The warrant charges Michael Devlyn Poulin with damaging or attempting to damage a tower in Anderson, just south of Redding, Calif. at the northern edge of California’s Central Valley, near the Oregon border
Authorities have been searching since Monday for Poulin, who also is suspected of loosening the bolts on another transmission tower outside Klamath Falls in southern Oregon.
If caught and convicted, Poulin could face 20 years in federal prison.
Poulin might have used a Honda motorcycle attached to the back of the truck to reach towers out in the north woods or might be targeting other lines around the state. Operators of the power grid said they had increased foot and aerial patrols in recent days because of such concerns.

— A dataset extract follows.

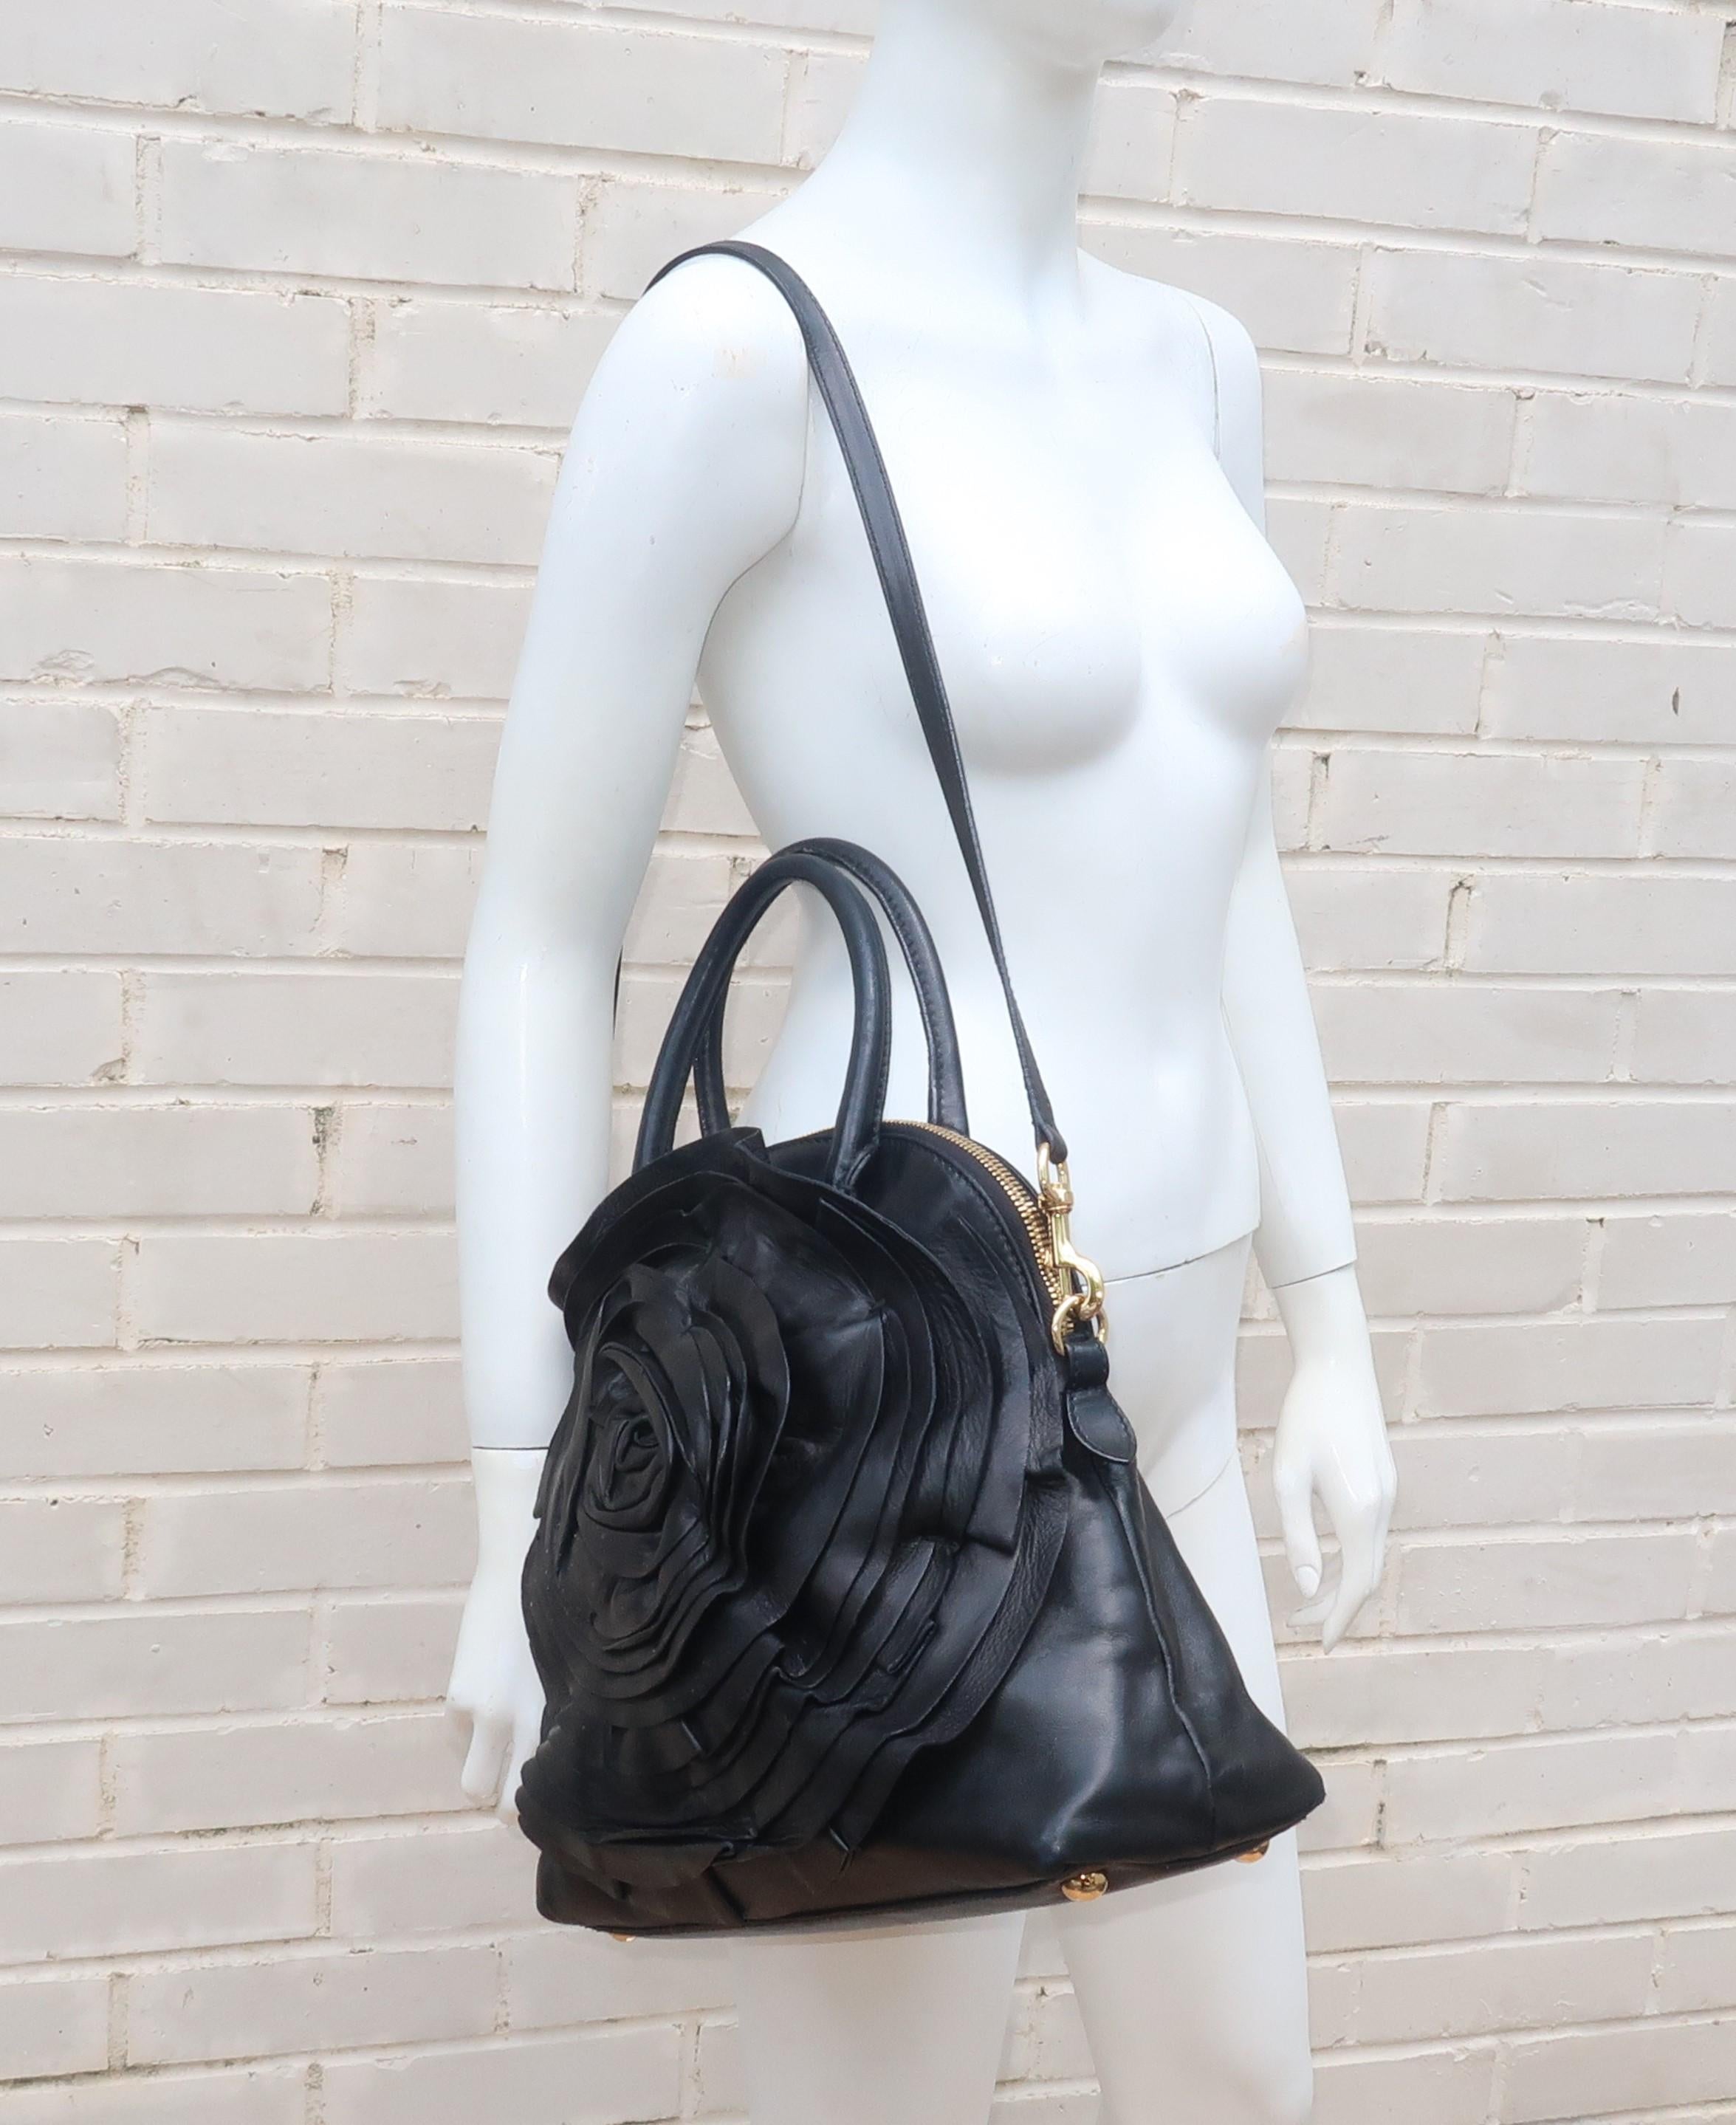 Valentino Garavani Black Leather Petale Dome Handbag 11

Poulin is described as white, 5 feet 11, 250 pounds, with salt-and-pepper hair and beard, brown eyes and wearing wire rim glasses.
His gray 1997 Toyota T100 pickup truck has a white shell with the Washington state license plate A36457P. Anyone with information about Poulin is asked to contact the FBI.

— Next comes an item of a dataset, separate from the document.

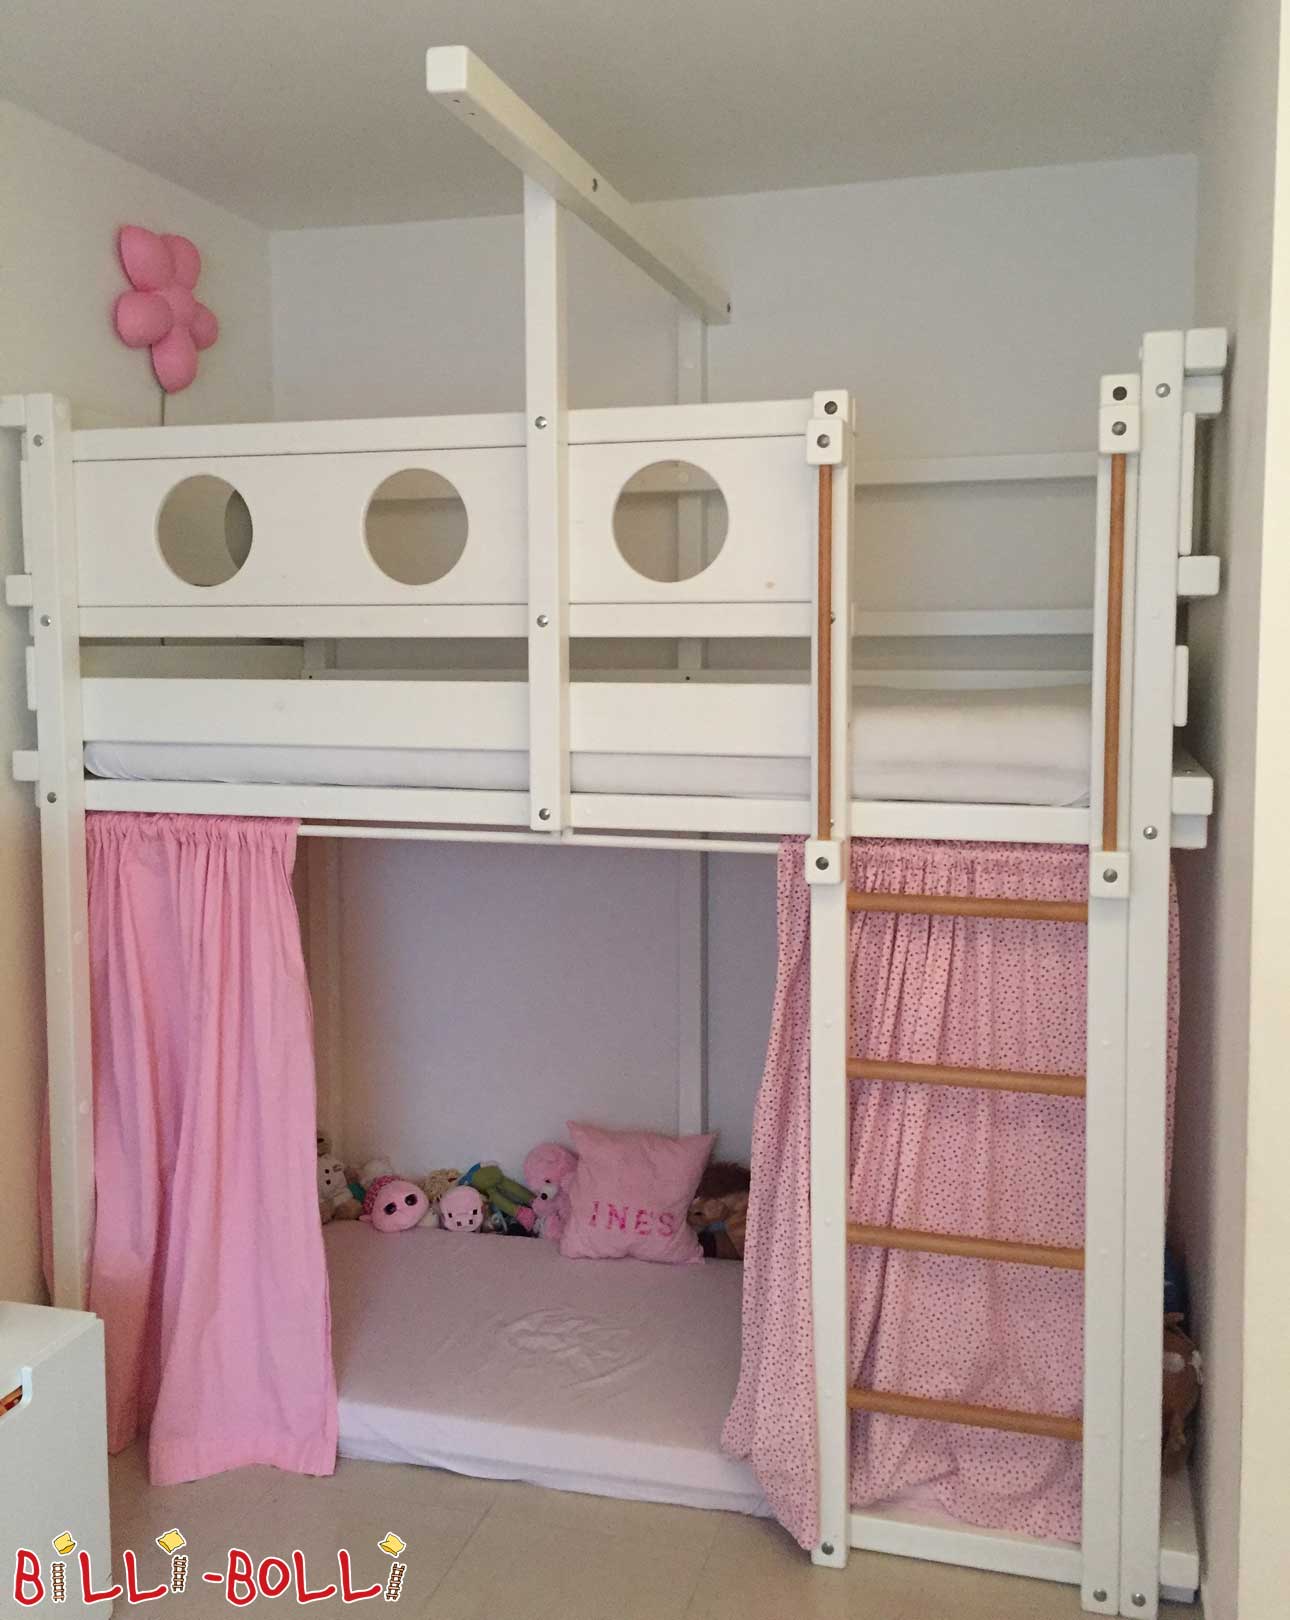 मचान बिस्तर जो बच्चे के साथ बढ़ता है - सफेद रंग में एक सपना (कोटि: मचान बिस्तर का इस्तेमाल किया)

The towers carry high-voltage lines that are part of the electrical grid for the Western U.S. Though removal of the bolts could conceivably cause one of the towers to topple in a gale-force wind, experts say it would be next to impossible for that to happen. And even then the grid is engineered so that other legs of the network would pick up the slack and prevent region-wide power failures.
Poulin is suspected of removing about 18 nuts and bolts from two of the four legs on the tower outside Anderson before three employees from a nearby lumber mill spotted him. When the men confronted the suspect, he fled.
The three men chased a Toyota pickup truck registered to Poulin, snapping a picture as he sped along the freeway. Eventually they gave up the chase, confident that law officers alerted by their cell phone call would snag the fleeing truck. But by the time the California Highway Patrol responded, the truck had disappeared.